First of all, I'm aware that this conjecture has probably already been made and proved. I was just playing around, and I'd like to know whether it is in fact true and perhaps a hint as to how to prove it.
The conjecture, simply put, is that $$\lim_{n\rightarrow\infty}\frac{F_n}{F_{n-k}}=\Phi^k$$ where $k$ is a nonnegative integer and $\Phi$ is the golden ratio.

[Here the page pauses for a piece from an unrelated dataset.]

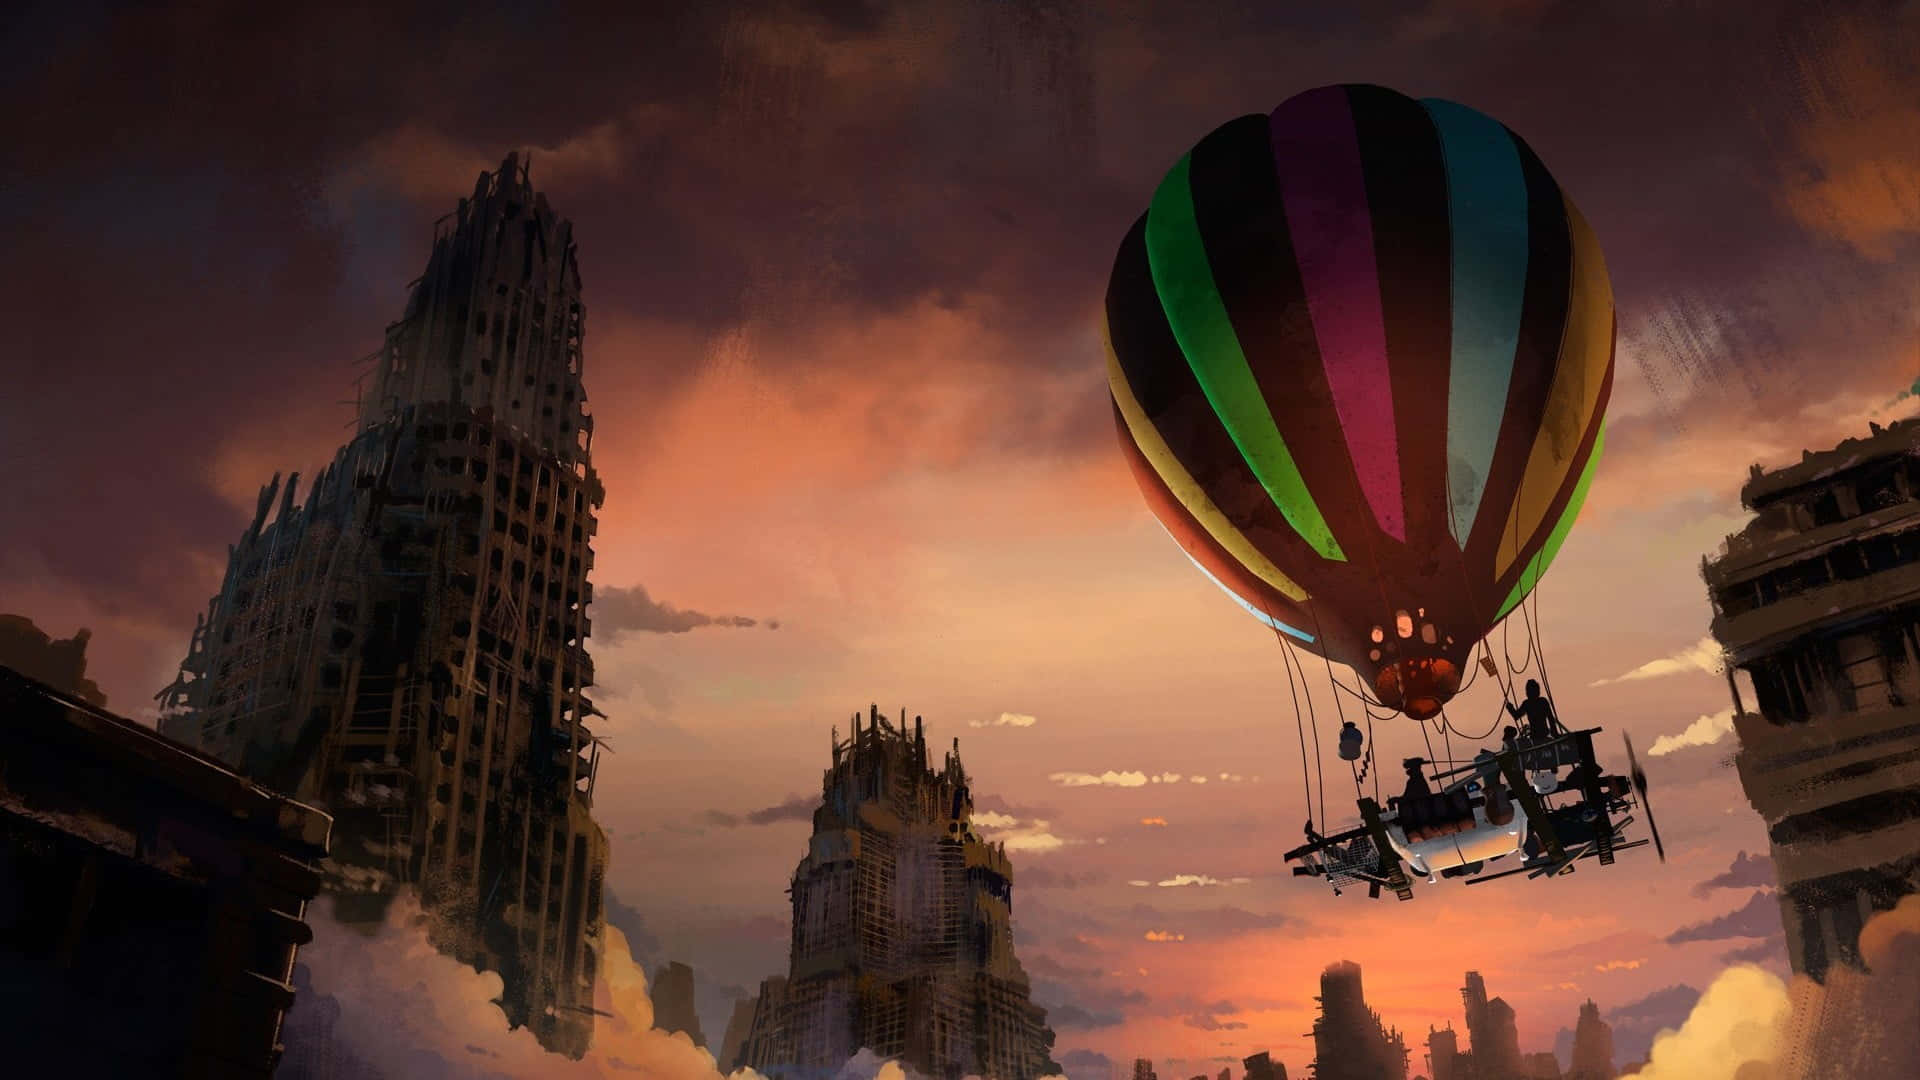 Soar high in the sky with a Hot Air Balloon
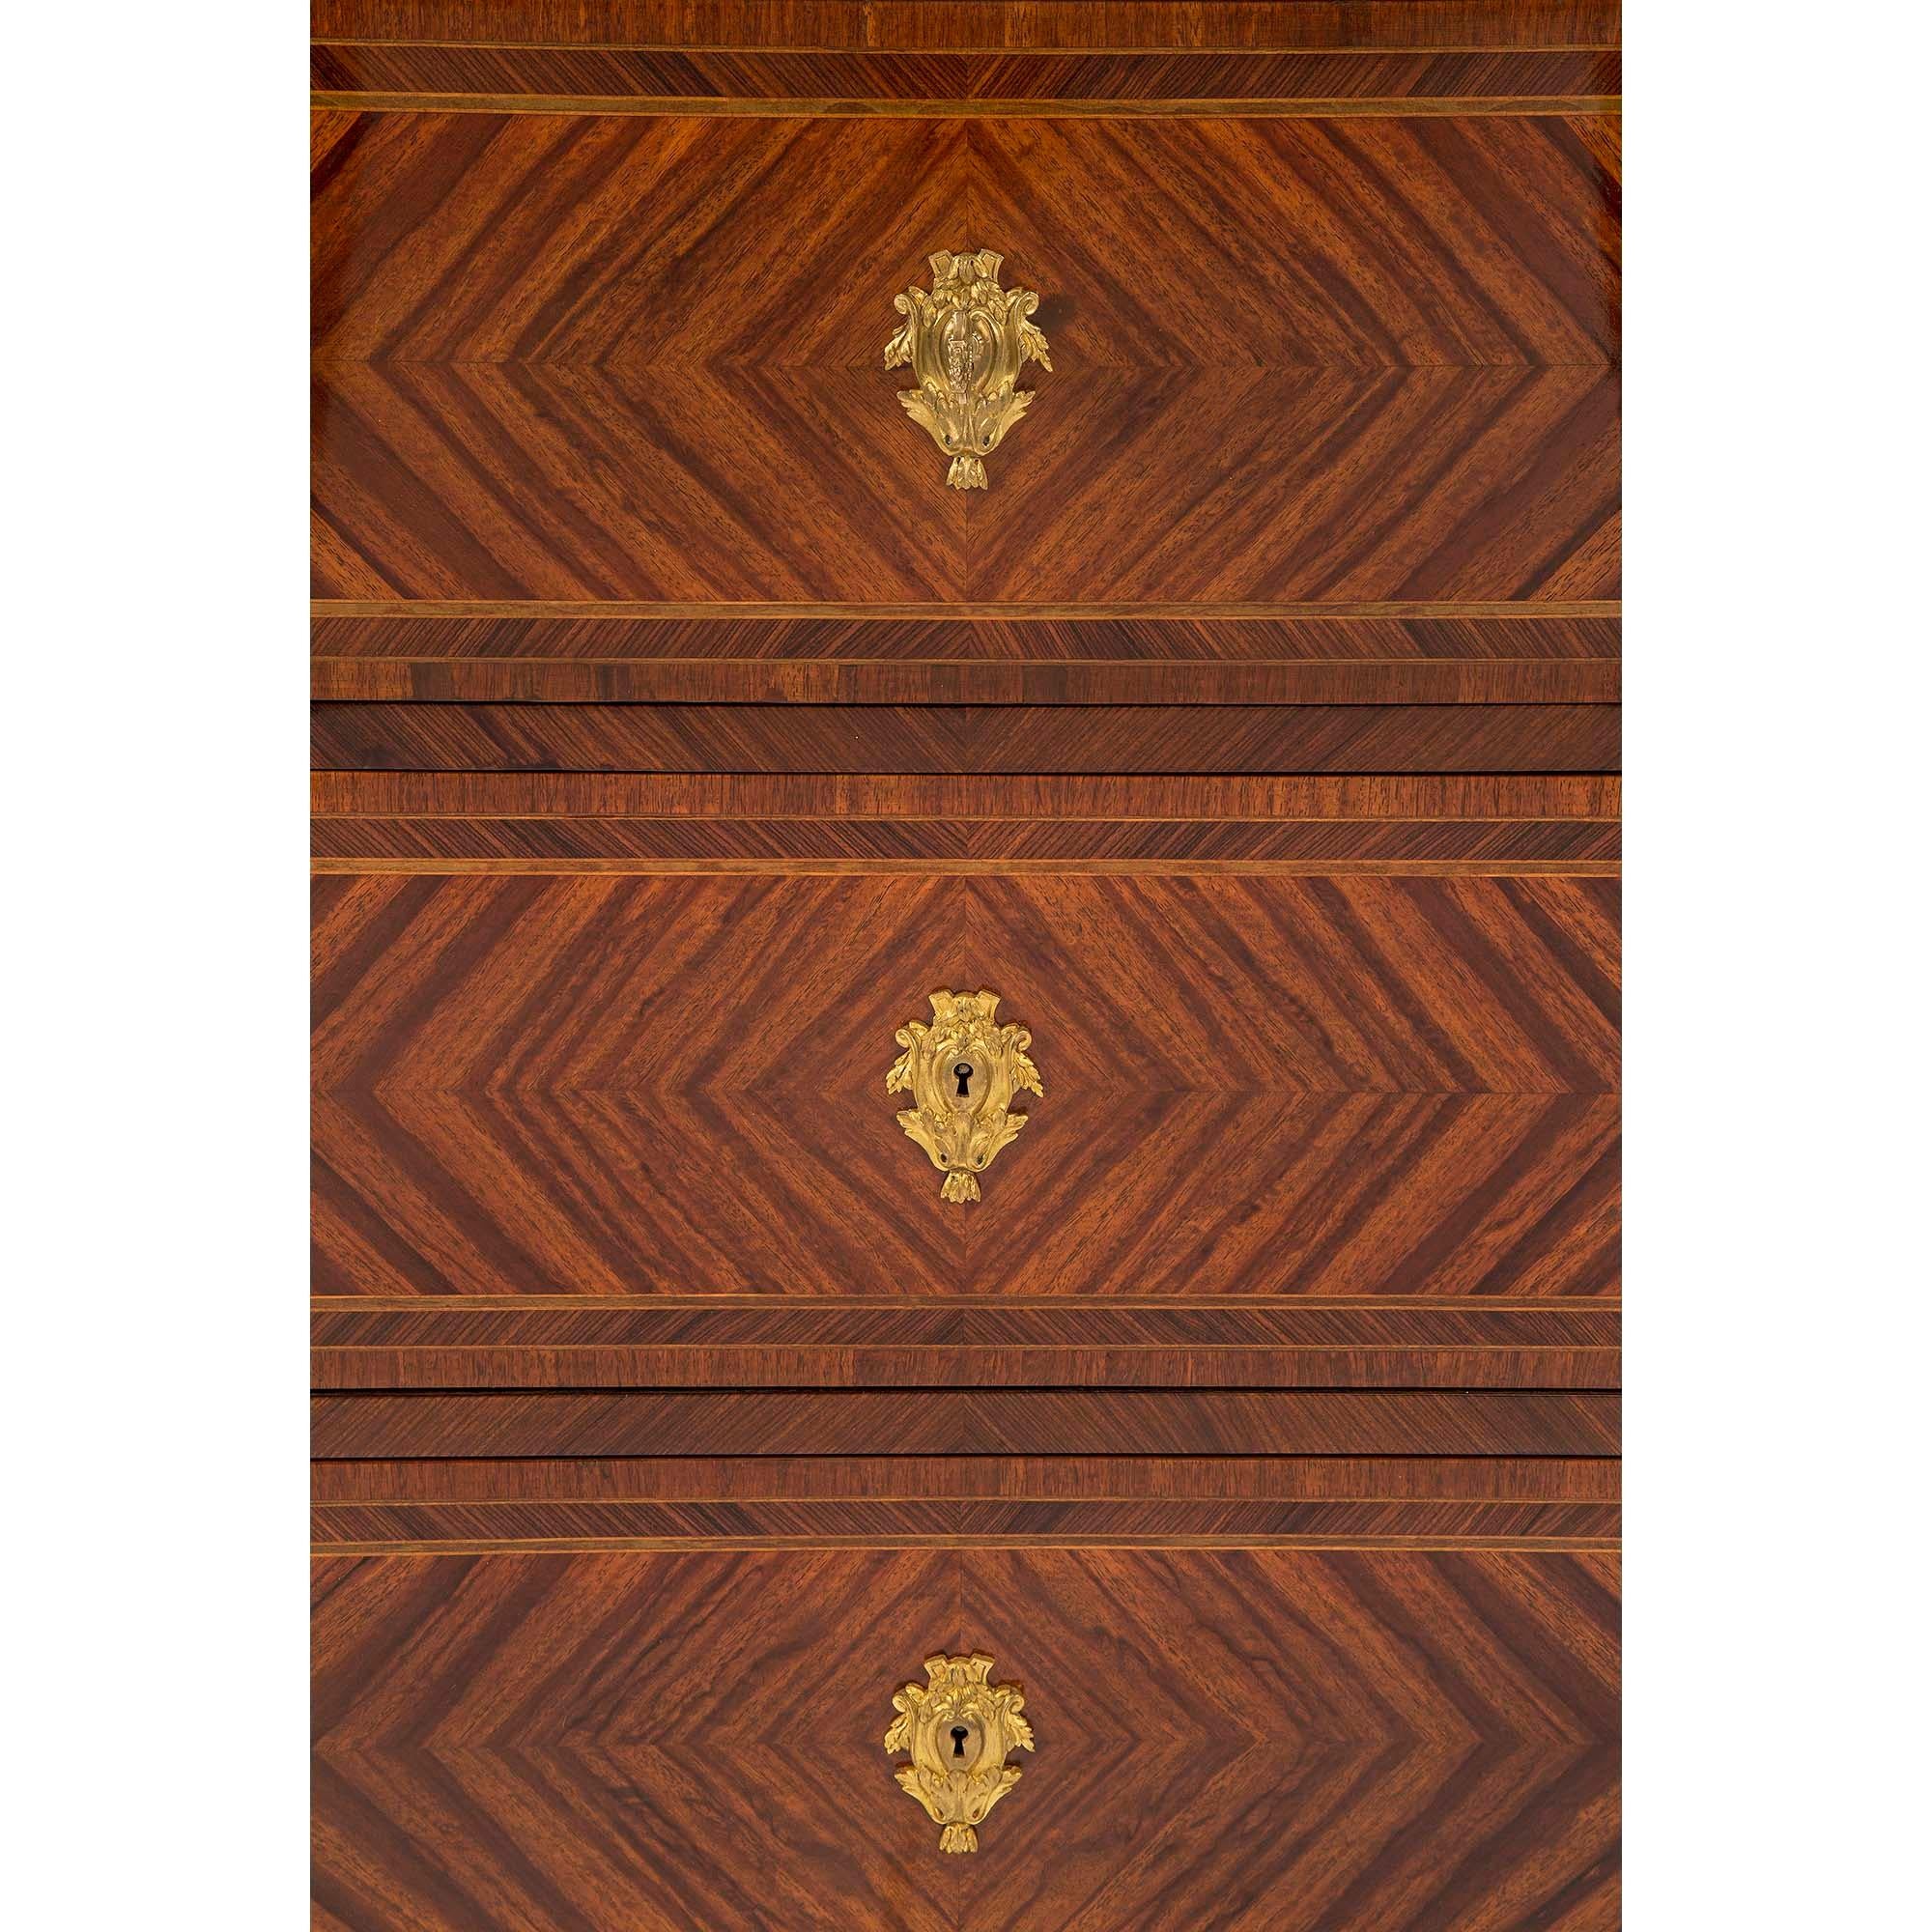 French 19th Century Louis XVI Style Kingwood, Tulipwood and Ormolu Buffet For Sale 3

I believe this to be true based on the definition of the Fibonacci sequence itself - $F_n = F_{n-1} + F_{n-2}$ - and the well-known fact that $\lim F_n/F_{n-1}=\Phi$. Dividing our first expression through by $F_{n-1}$ lands us with $F_n/F_{n-1}=\Phi+o(n) = 1 + F_{n-2}/F_{n-1}$.
Subtracting $1$ from both sides: $\Phi+o(n) - 1 = F_{n-2}/F_{n-1}$. As I'm sure we all know, $\Phi - 1 = 1/\Phi$, so it makes sense that $F_{n-1}/F_{n-2} = \Phi$ (again, as $n$ increases without bound).
Now for the final step. We have $F_n/F_{n-1} = F_{n-1}/F_{n-2} = \Phi+o(n)$, so $F_n/F_{n-1}\times F_{n-1}/F_{n-2} = F_n/F_{n-2} = \Phi^2+o(n)$. Replacing the integer index in the denominator and the power on $\Phi$ by an arbitrary $k$, and including the limit notation, we arrive at what I conjectured.
Again, I realize that this has probably already been done. It's just a bit of fun. That's also why I don't want to go looking for some dry, technical proof online (before one of you tells me to Google it).
Cheers!
Your proof is not very rigorous. A rigorous proof proceeds through Binet's formula for $F_n$. Letting $\psi=-1/\varphi$ be the golden ratio conjugate: $$\lim_{n\to\infty}\frac{F_n}{F_{n-k}}=\lim_{n\to\infty}\frac{\sqrt5}{\sqrt5}\cdot\frac{\varphi^n-\psi^n}{\varphi^{n-k}-\psi^{n-k}}=\lim_{n\to\infty}\frac{\varphi^n}{\varphi^{n-k}}=\varphi^k$$ where the second-last equality is because $|\psi|<1$, so the contribution of the $\psi^n$ term vanishes in the limit.